Я дал ему пачку сигарет.
Пошли ты все это к чертям собачьим, Джорджи. Именно так поступил я. А начать все сначала сможешь и потом.
Он покачал головой:
Не то ты говоришь. Еще тогда, после рудника, я понял: заниматься надо каждый Божий день, а то выбьешься из колеи. По второму разу мне этого не сдюжить.
Бледное лицо с оттопыренными ушами, близорукие глаза, щуплое тело, впалая грудь Вот ведь проклятие, черт побери!
Ладно, Джорджи, всего!..
Вдобавок ко всему он еще был круглым сиротой.
Кухня. Чучело кабаньей головы память о покойном господине Залевски. Телефон. Полумрак. Пахнет газом и скверным жиром. На входной двери, у кнопки звонка, много визитных карточек. И моя тоже пожелтевшая и вся в пятнах: «Роберт Локамп. Студ. фил. Два продолжительных». Студ. фил.! Подумаешь, важная птица!.. Все это было давно
Я спустился по лестнице и направился в кафе «Интернациональ». Оно представляло собой довольно большой темный и закопченный продолговатый зал со множеством задних комнат. На переднем плане, у стойки, стояло пианино. Инструмент был сильно расстроен, несколько струн лопнуло, на добром десятке клавиш не хватало костяных накладок. И все-таки я был привязан к этому честному и заслуженному «музыкальному мерину», как его здесь называли. С ним меня связывал целый год жизни, когда я работал в «Интернационале» пианистом для «создания настроения».

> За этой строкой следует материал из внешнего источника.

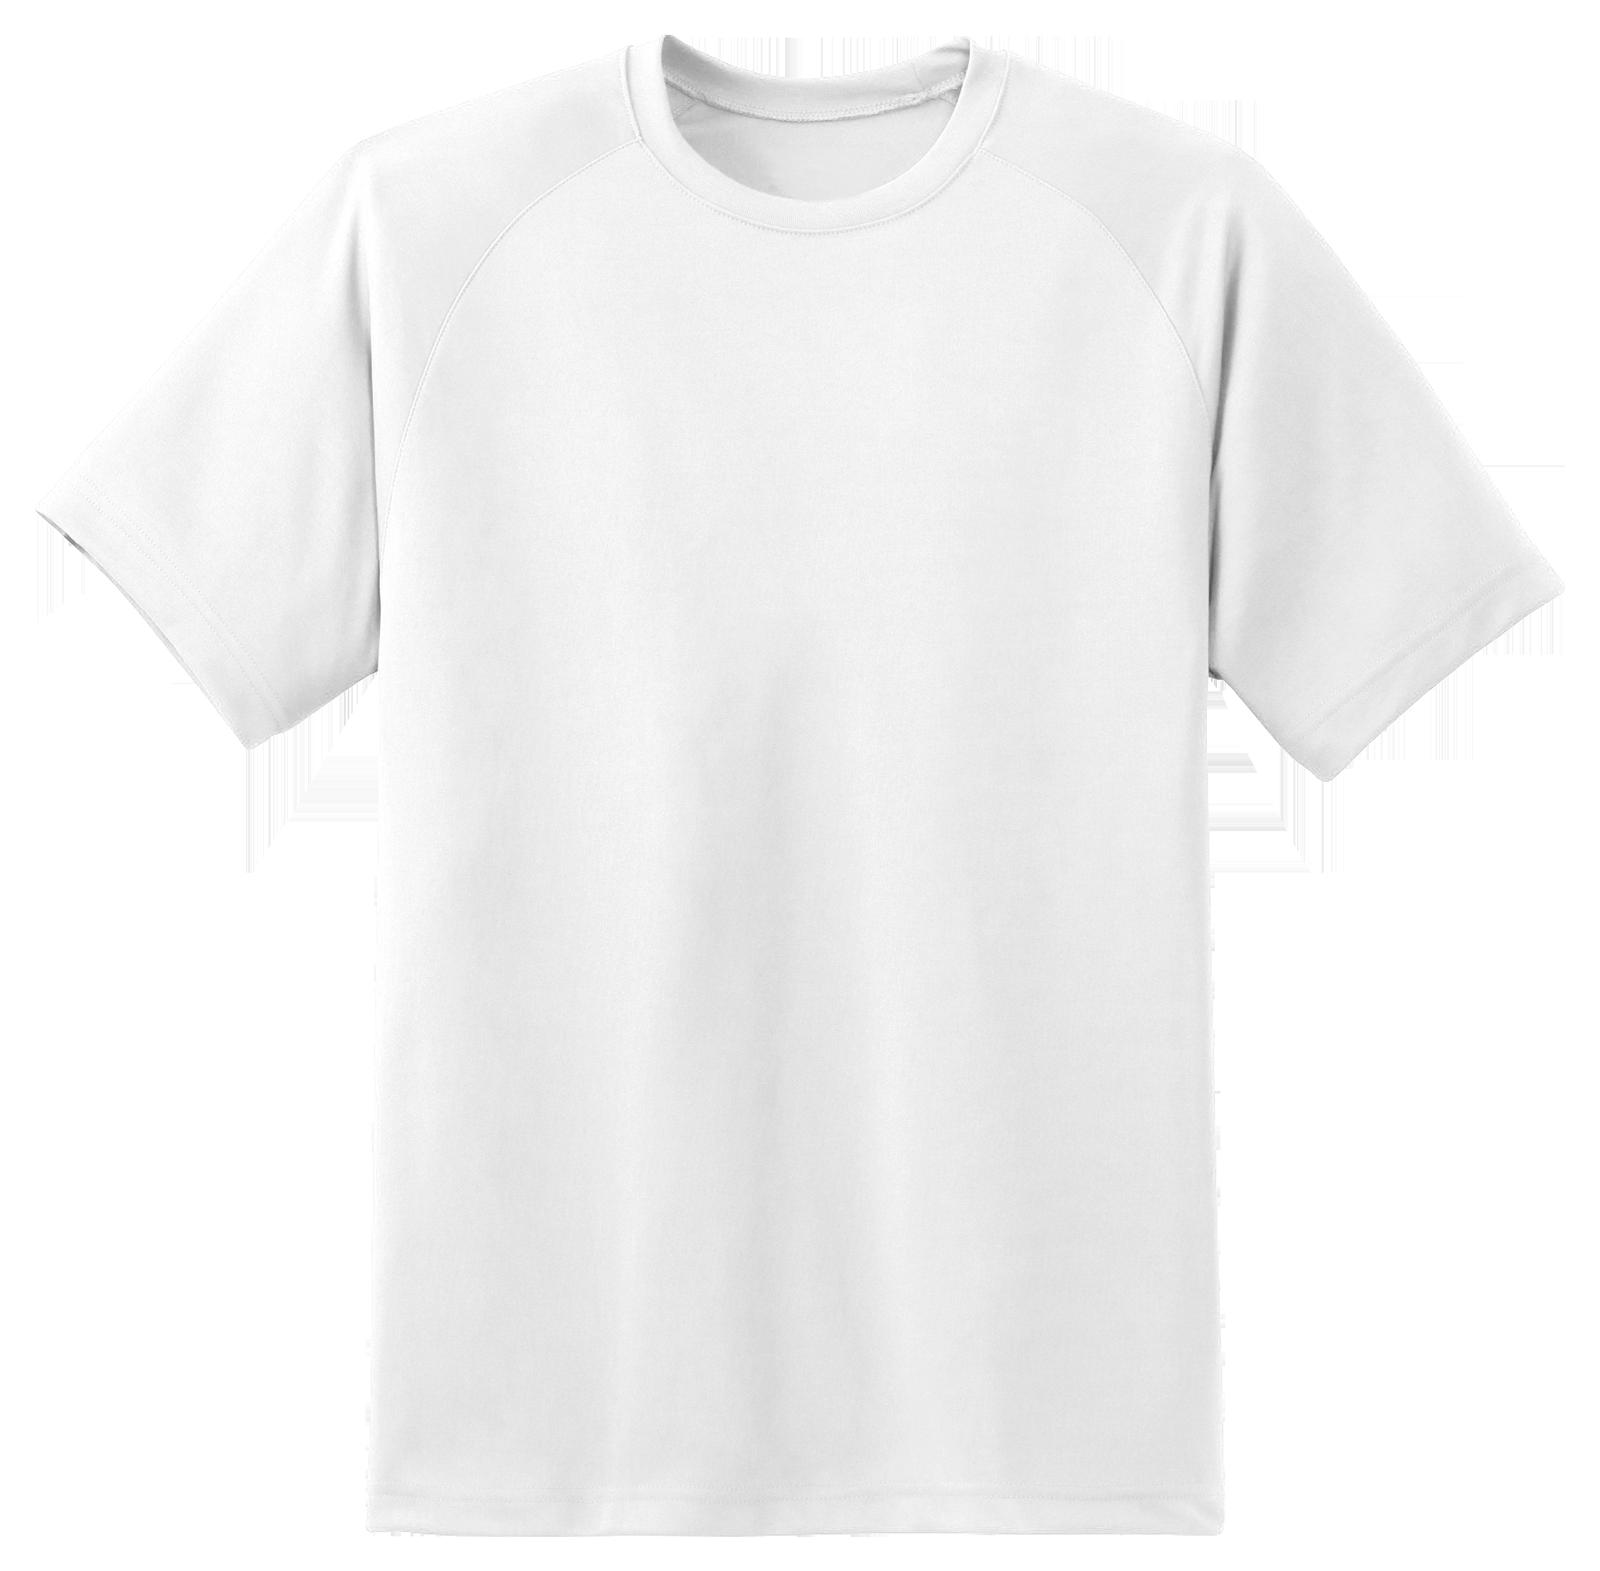 White Tshirt PNG Image

В задних комнатах происходили совещания скототорговцев, иногда здесь собирались владельцы аттракционов.
Впереди, невдалеке от входа, сидели проститутки.

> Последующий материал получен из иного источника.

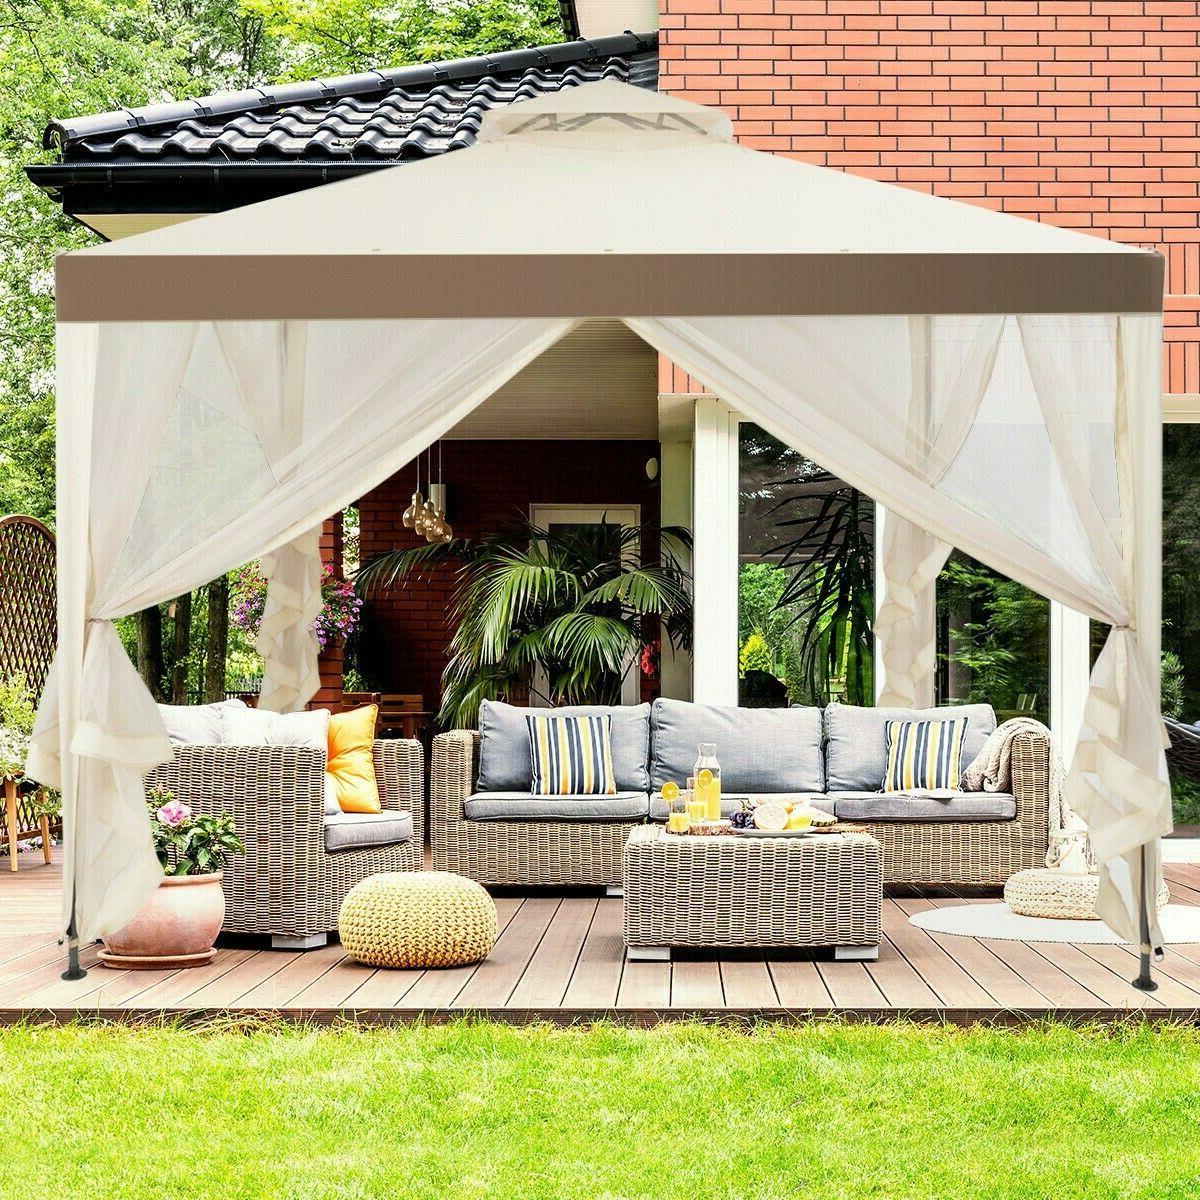 10' Gazebo Steel Frame Gazebo Beige Lawn Tent

Кафе было пусто, если не считать плоскостопого кельнера Алоиса, стоявшего за стойкой.
Тебе как обычно? спросил он.
Я кивнул. Он принес мне бокал портвейна пополам с ромом. Я сел за столик и бездумно уставился в стенку. Сквозь запыленное оконное стекло косо падал серый луч солнца. Он путался среди бутылок с пшеничной водкой, расставленных на многоярусном полукруглом стеллаже. Словно рубин, рдел шерри-бренди.
Алоис ополаскивал рюмки и бокалы. Хозяйская кошка примостилась на пианино и мурлыкала. Я не спеша покуривал сигарету. От теплого неподвижного воздуха я стал клевать носом. Странный все-таки голос был у этой вчерашней девушки. Низкий, чуть грубоватый, почти хриплый и все-таки мягкий.
Я кивнул. Он принес мне бокал портвейна пополам с ромом. Я сел за столик и бездумно уставился в стенку. Сквозь запыленное оконное стекло косо падал серый луч солнца. Он путался среди бутылок с пшеничной водкой, расставленных на многоярусном полукруглом стеллаже. Словно рубин, рдел шерри-бренди.
Алоис ополаскивал рюмки и бокалы. Хозяйская кошка примостилась на пианино и мурлыкала. Я не спеша покуривал сигарету. От теплого неподвижного воздуха я стал клевать носом. Странный все-таки голос был у этой вчерашней девушки. Низкий, чуть грубоватый, почти хриплый и все-таки мягкий.
Дай-ка мне, Алоис, какие-нибудь иллюстрированные журналы.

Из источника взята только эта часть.